Setting `use_fast_kernels` will enable using of Flash Attention or Xformer memory-efficient kernels based on the hardware being used. This would speed up inference when used for batched inputs. This has been enabled in `optimum` library from HuggingFace as a one-liner API, please read more [here](https://pytorch.org/blog/out-of-the-box-acceleration/).

```bash
python chat_completion/chat_completion.py --model_name "PATH/TO/MODEL/7B/" --prompt_file chat_completion/chats.json  --quantization 8bit --use_auditnlg --use_fast_kernels

python inference.py --model_name <training_config.output_dir> --peft_model <training_config.output_dir> --prompt_file <test_prompt_file> --use_auditnlg --use_fast_kernels

```

## Inference with FSDP checkpoints

In case you have fine-tuned your model with pure FSDP and saved the checkpoints with "SHARDED_STATE_DICT" as shown [here](../../../src/llama_cookbook/configs/fsdp.py), you can use this converter script to convert the FSDP Sharded checkpoints into HuggingFace checkpoints.

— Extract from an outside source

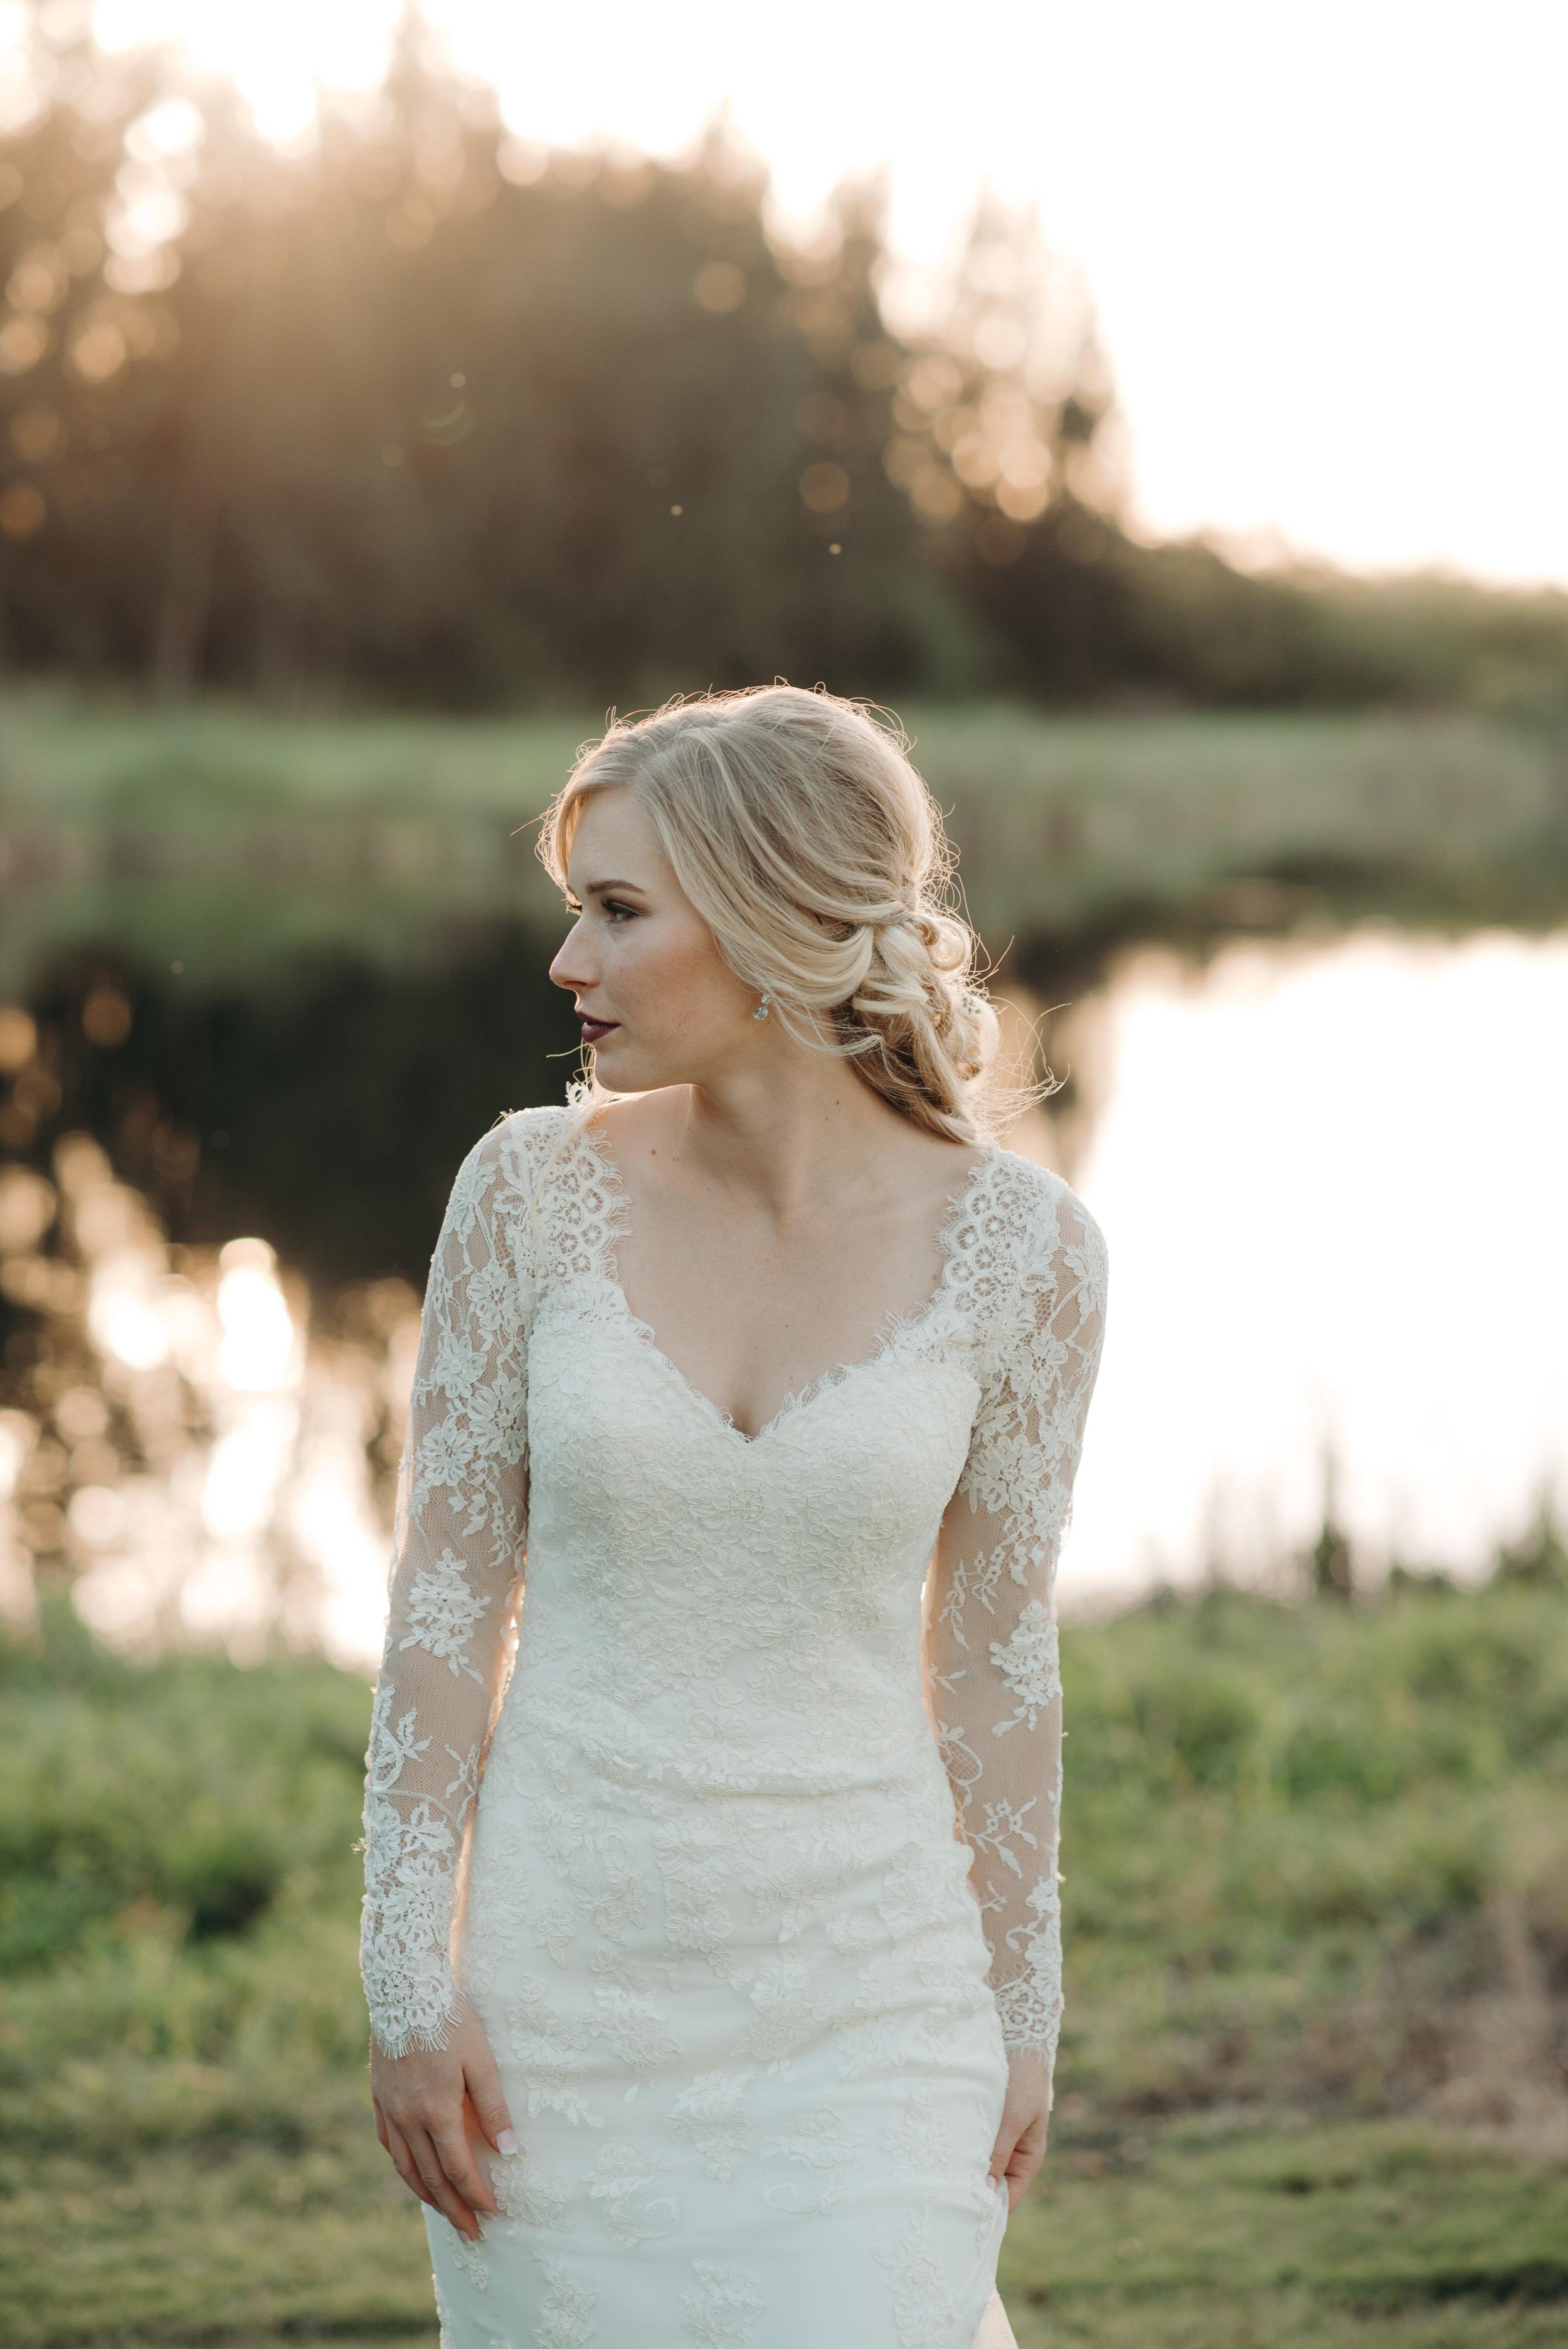 micayla-greyson-neumann-vero-beach-lake-house-winter-white-wedding-photography-835.jpg
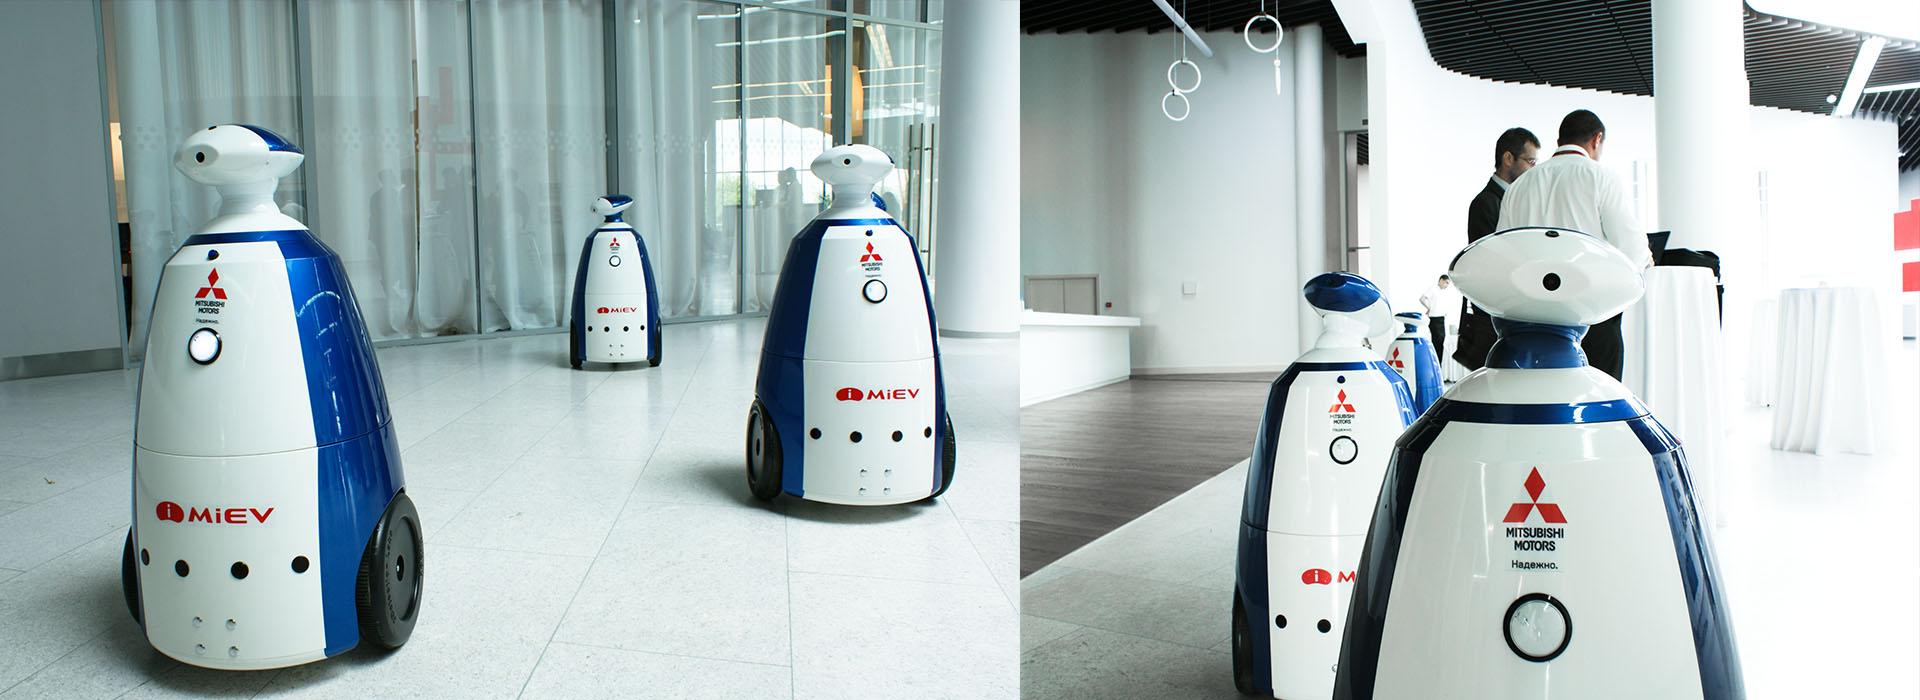 robotics production corporate identity, производитель робототехники logo

This enables you to use the inference script normally as mentioned above.
**To convert the checkpoint use the following command**:

This is helpful if you have fine-tuned you model using FSDP only as follows:

```bash
torchrun --nnodes 1 --nproc_per_node 8  recipes/quickstart/finetuning/finetuning.py --enable_fsdp --model_name /path_of_model_folder/7B --dist_checkpoint_root_folder model_checkpoints --dist_checkpoint_folder fine-tuned --fsdp_config.pure_bf16
```
Then convert your FSDP checkpoint to HuggingFace checkpoints using:
```bash
 python -m llama_cookbook.inference.checkpoint_converter_fsdp_hf --fsdp_checkpoint_path  PATH/to/FSDP/Checkpoints --consolidated_model_path PATH/to/save/checkpoints --HF_model_path_or_name PATH/or/HF/model_name

 # --HF_model_path_or_name specifies the HF Llama model name or path where it has config.json and tokenizer.json
 ```
By default, training parameter are saved in `train_params.yaml` in the path where FSDP checkpoints are saved, in the converter script we first try to find the HugingFace model name used in the fine-tuning to load the model with configs from there, if not found user need to provide it.

Then run inference using:

```bash
python inference.py --model_name <training_config.output_dir> --prompt_file <test_prompt_file>

```

## Inference on large models like Meta Llama 405B
The FP8 quantized variants of Meta Llama (i.e. meta-llama/Meta-Llama-3.1-405B-FP8 and meta-llama/Meta-Llama-3.1-405B-Instruct-FP8) can be executed on a single node with 8x80GB H100 using the scripts located in this folder.
To run the unquantized Meta Llama 405B variants (i.e. meta-llama/Meta-Llama-3.1-405B and meta-llama/Meta-Llama-3.1-405B-Instruct) we need to use a multi-node setup for inference. The llama-cookbook inference script currently does not allow multi-node inference. To run this model you can use vLLM with pipeline and tensor parallelism as showed in [this example](../../../3p-integrations/vllm/README.md).